• Problem to work on: The reply should reproduce every line of the data below word for word, minus any images.

• Material provided:
BEGIN
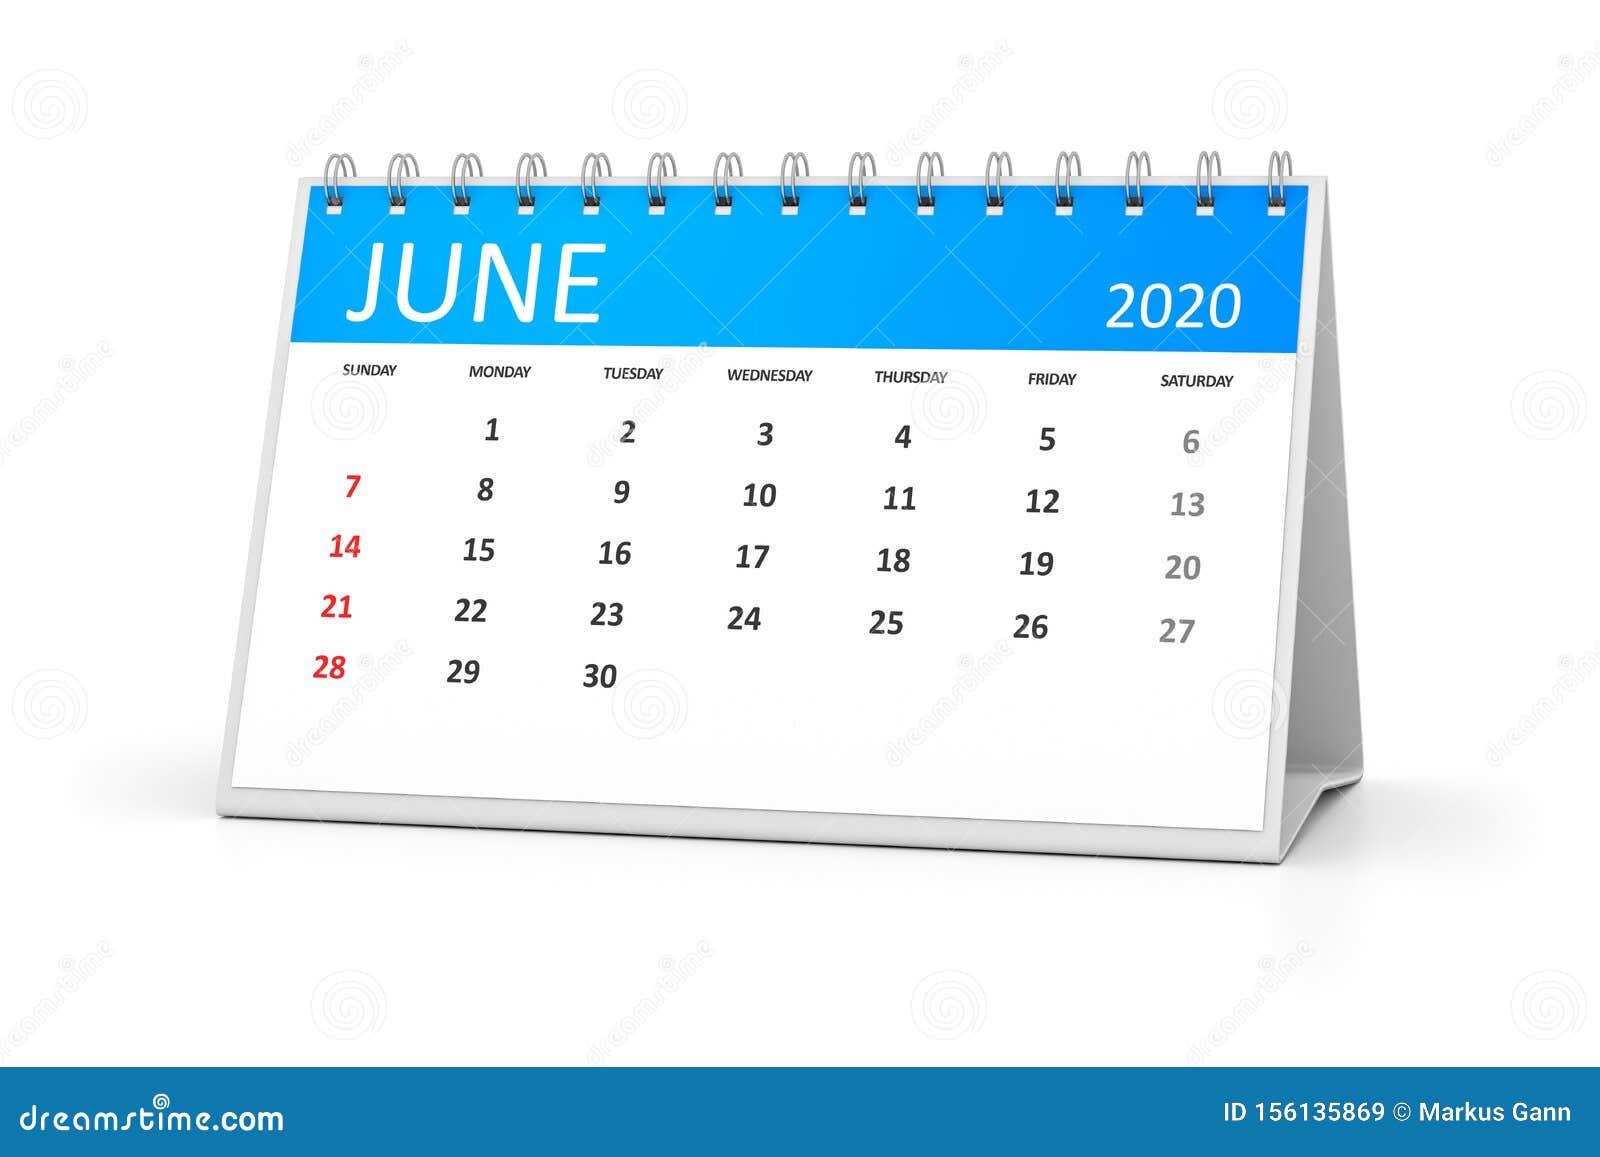 June 23 2020 Events.Table Calendar 2020 June Stock Illustration Illustration Of
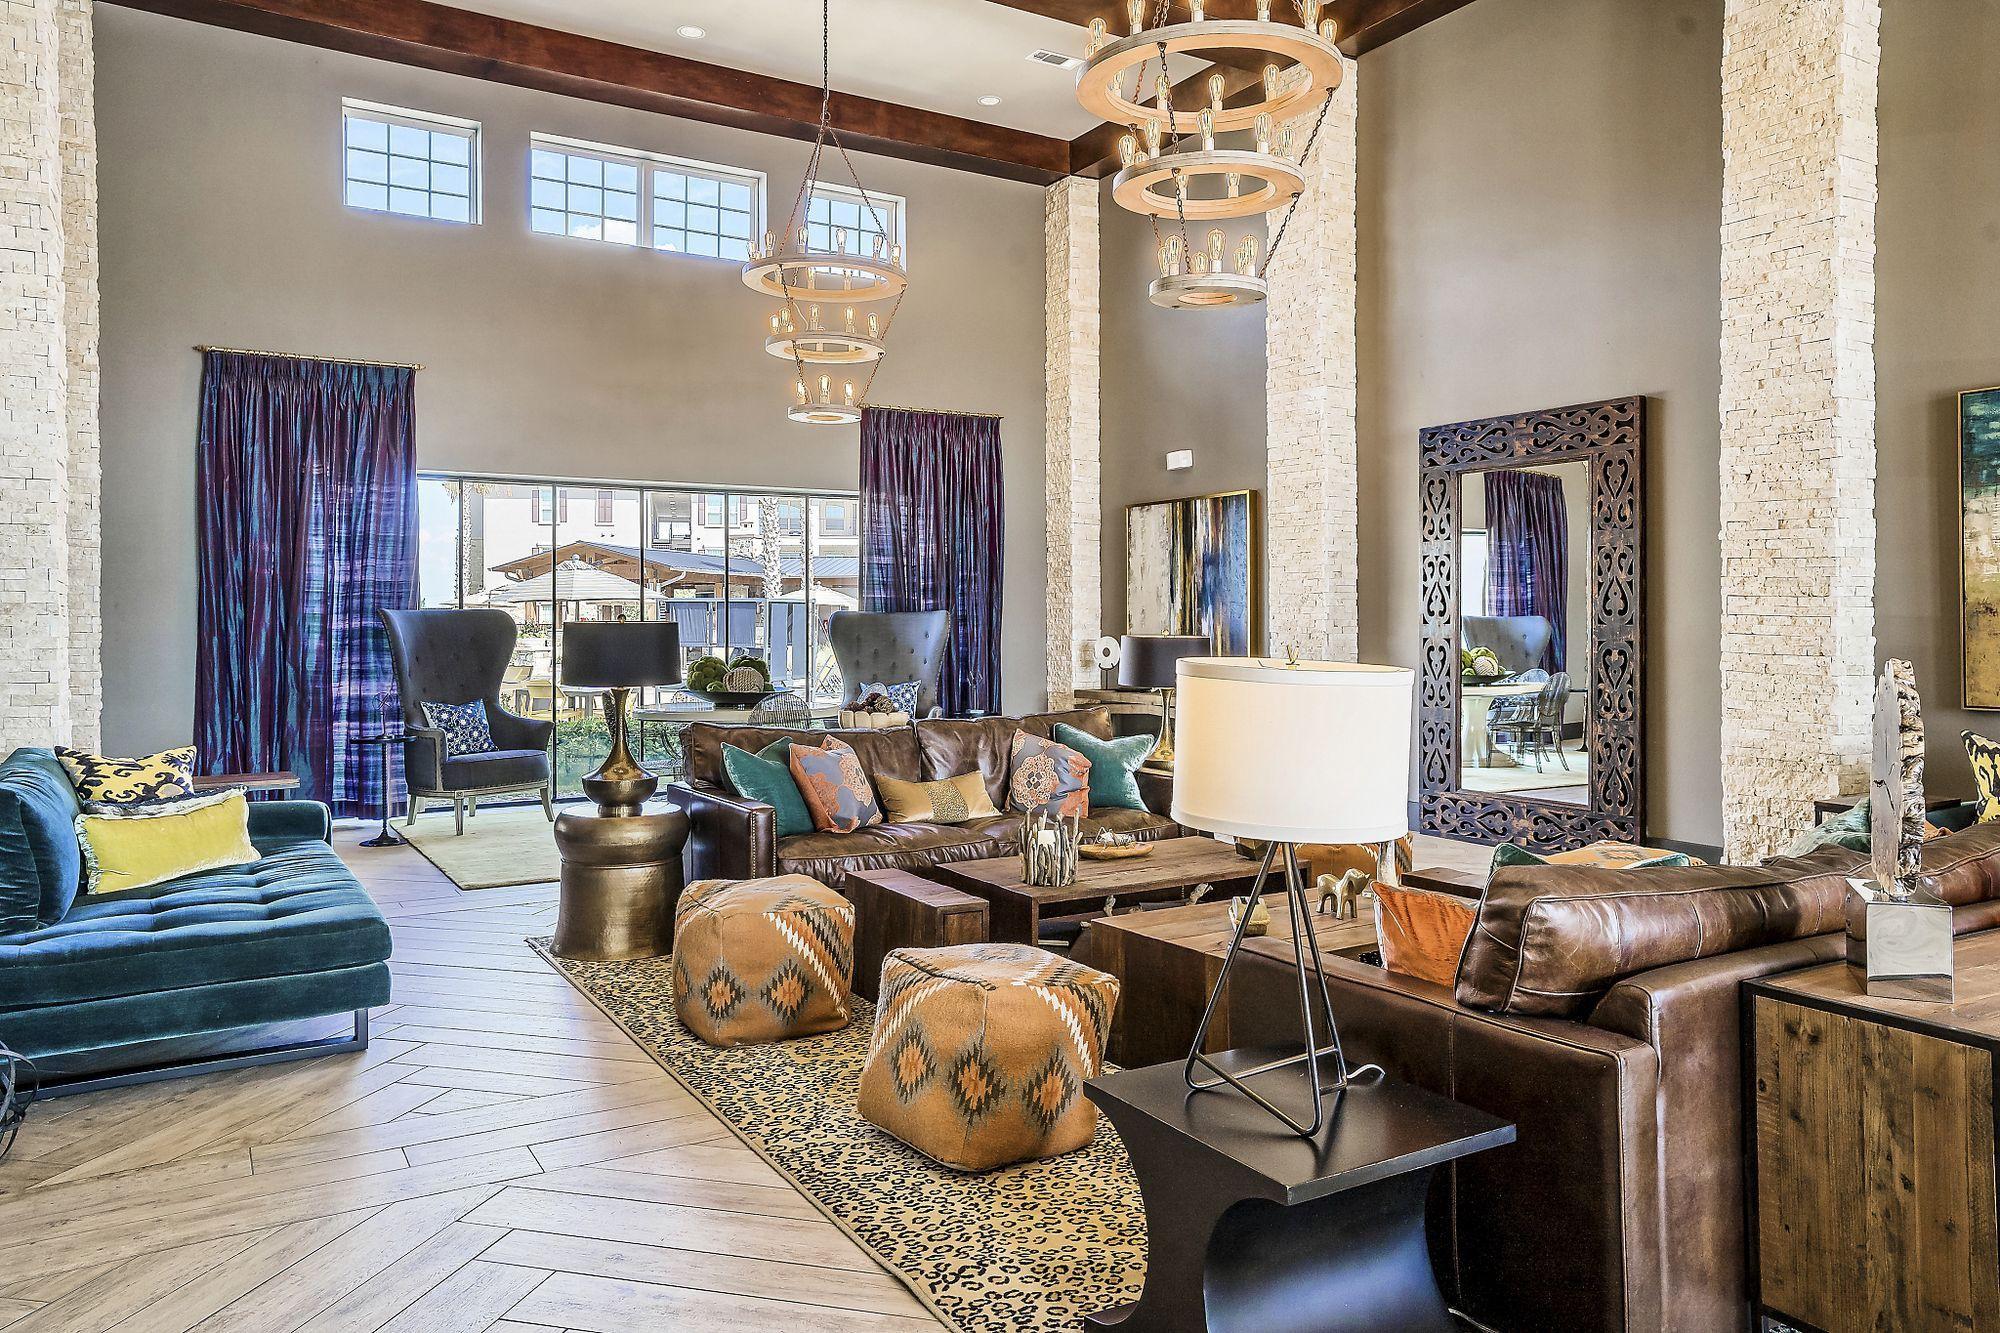 Apartments Near Midland College Sundance Creek for Midland College Students in Midland, TX
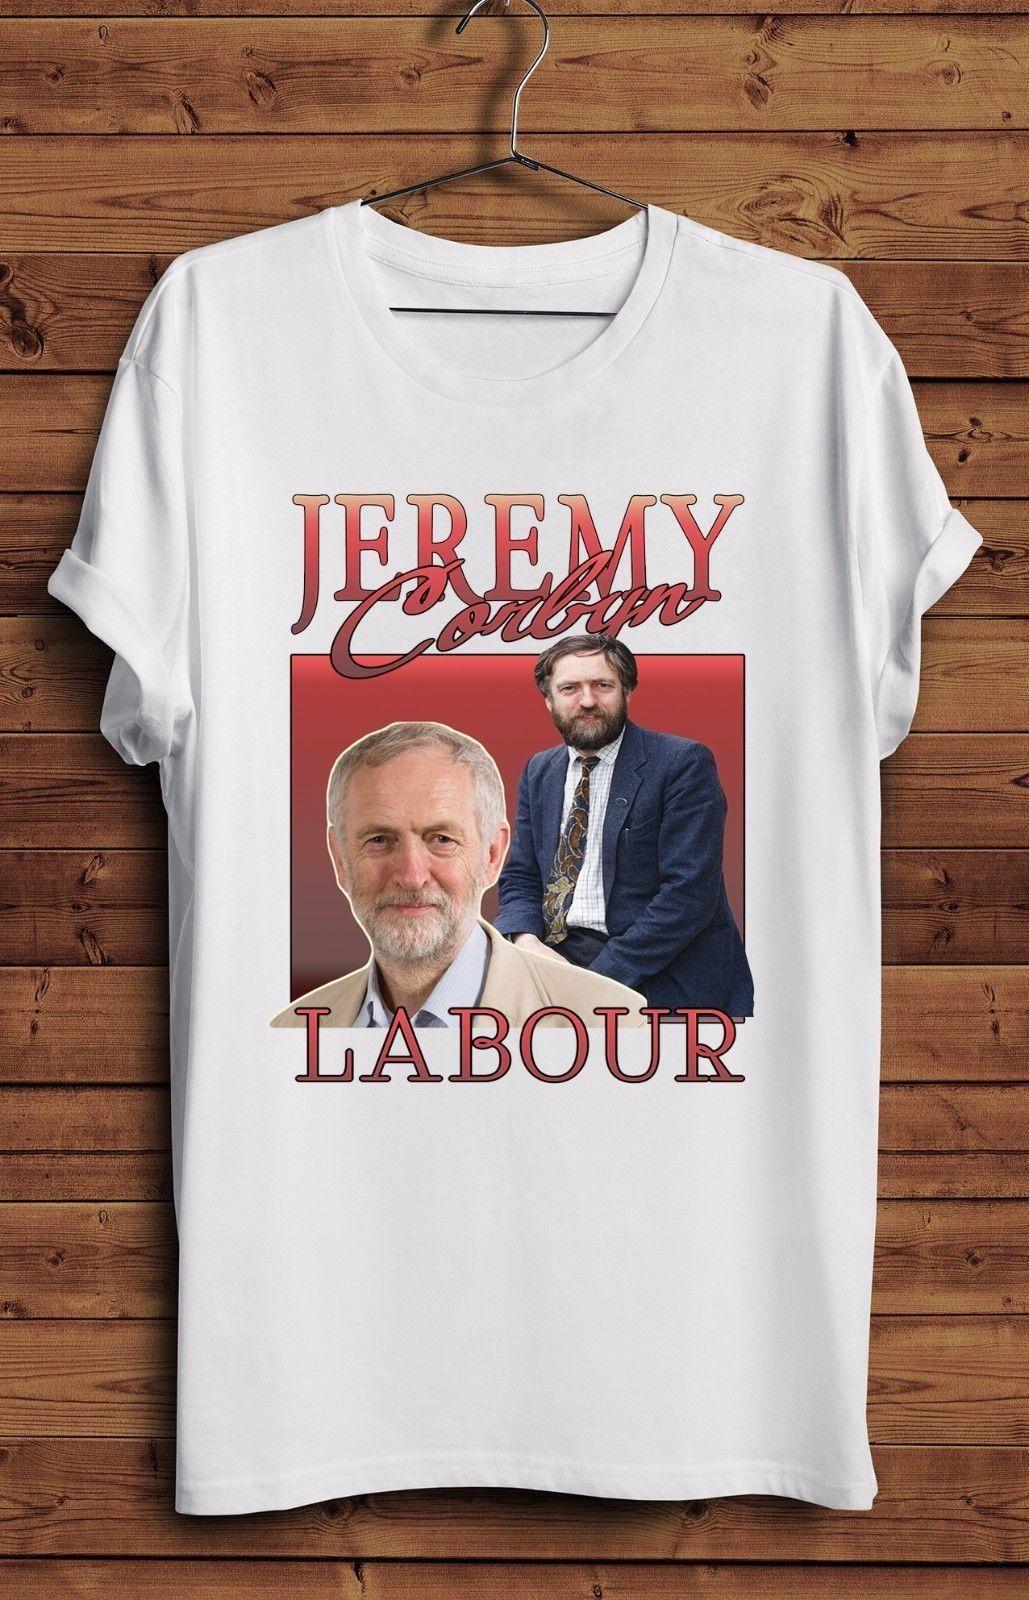 56e2431c99 Jeremy Corbyn Labour Vintage Party T Shirt Homage UK Parody Politics MP  Momentum New 2018 Summer Style T Shirt Shirt Custom T Shirts From Shitan9,  ...
END
• Exercise output:
 June 23 2020 Events.Table Calendar 2020 June Stock Illustration Illustration Of
 Apartments Near Midland College Sundance Creek for Midland College Students in Midland, TX
 56e2431c99 Jeremy Corbyn Labour Vintage Party T Shirt Homage UK Parody Politics MP  Momentum New 2018 Summer Style T Shirt Shirt Custom T Shirts From Shitan9,  ...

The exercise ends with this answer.